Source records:
╔══
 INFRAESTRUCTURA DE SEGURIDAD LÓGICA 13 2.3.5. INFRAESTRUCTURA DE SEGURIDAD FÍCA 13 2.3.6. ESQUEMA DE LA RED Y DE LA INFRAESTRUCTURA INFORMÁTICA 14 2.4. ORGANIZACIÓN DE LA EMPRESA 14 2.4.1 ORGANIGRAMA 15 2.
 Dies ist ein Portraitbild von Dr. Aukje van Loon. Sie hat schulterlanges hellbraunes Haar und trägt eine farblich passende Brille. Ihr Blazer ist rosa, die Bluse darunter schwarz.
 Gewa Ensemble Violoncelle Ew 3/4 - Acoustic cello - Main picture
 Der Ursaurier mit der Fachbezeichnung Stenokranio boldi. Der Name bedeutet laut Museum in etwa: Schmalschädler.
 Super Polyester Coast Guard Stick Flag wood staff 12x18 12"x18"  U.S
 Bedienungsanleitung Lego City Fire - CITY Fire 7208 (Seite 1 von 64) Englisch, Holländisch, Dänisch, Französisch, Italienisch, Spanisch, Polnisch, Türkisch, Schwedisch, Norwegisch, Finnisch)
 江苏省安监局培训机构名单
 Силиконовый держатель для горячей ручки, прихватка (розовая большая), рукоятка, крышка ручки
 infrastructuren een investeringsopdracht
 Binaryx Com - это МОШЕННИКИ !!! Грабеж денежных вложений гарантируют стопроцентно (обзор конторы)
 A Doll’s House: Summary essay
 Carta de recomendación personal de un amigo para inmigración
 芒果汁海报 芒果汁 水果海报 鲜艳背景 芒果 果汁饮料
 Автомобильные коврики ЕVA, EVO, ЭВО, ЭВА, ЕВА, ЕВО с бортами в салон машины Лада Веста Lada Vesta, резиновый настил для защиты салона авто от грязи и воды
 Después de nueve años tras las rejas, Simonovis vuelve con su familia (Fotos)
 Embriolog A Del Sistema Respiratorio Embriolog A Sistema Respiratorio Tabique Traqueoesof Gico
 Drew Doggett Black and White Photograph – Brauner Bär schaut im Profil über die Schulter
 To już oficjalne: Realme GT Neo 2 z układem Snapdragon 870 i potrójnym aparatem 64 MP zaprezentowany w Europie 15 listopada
╚══
- _Task requirements_
Output exactly the lines from the one containing "Автомобильные коврики ЕVA, EVO, ЭВО, ЭВА, ЕВА, ЕВО" through the last line of the records, both included. Output nothing else.

- _Result for this task_
 Автомобильные коврики ЕVA, EVO, ЭВО, ЭВА, ЕВА, ЕВО с бортами в салон машины Лада Веста Lada Vesta, резиновый настил для защиты салона авто от грязи и воды
 Después de nueve años tras las rejas, Simonovis vuelve con su familia (Fotos)
 Embriolog A Del Sistema Respiratorio Embriolog A Sistema Respiratorio Tabique Traqueoesof Gico
 Drew Doggett Black and White Photograph – Brauner Bär schaut im Profil über die Schulter
 To już oficjalne: Realme GT Neo 2 z układem Snapdragon 870 i potrójnym aparatem 64 MP zaprezentowany w Europie 15 listopada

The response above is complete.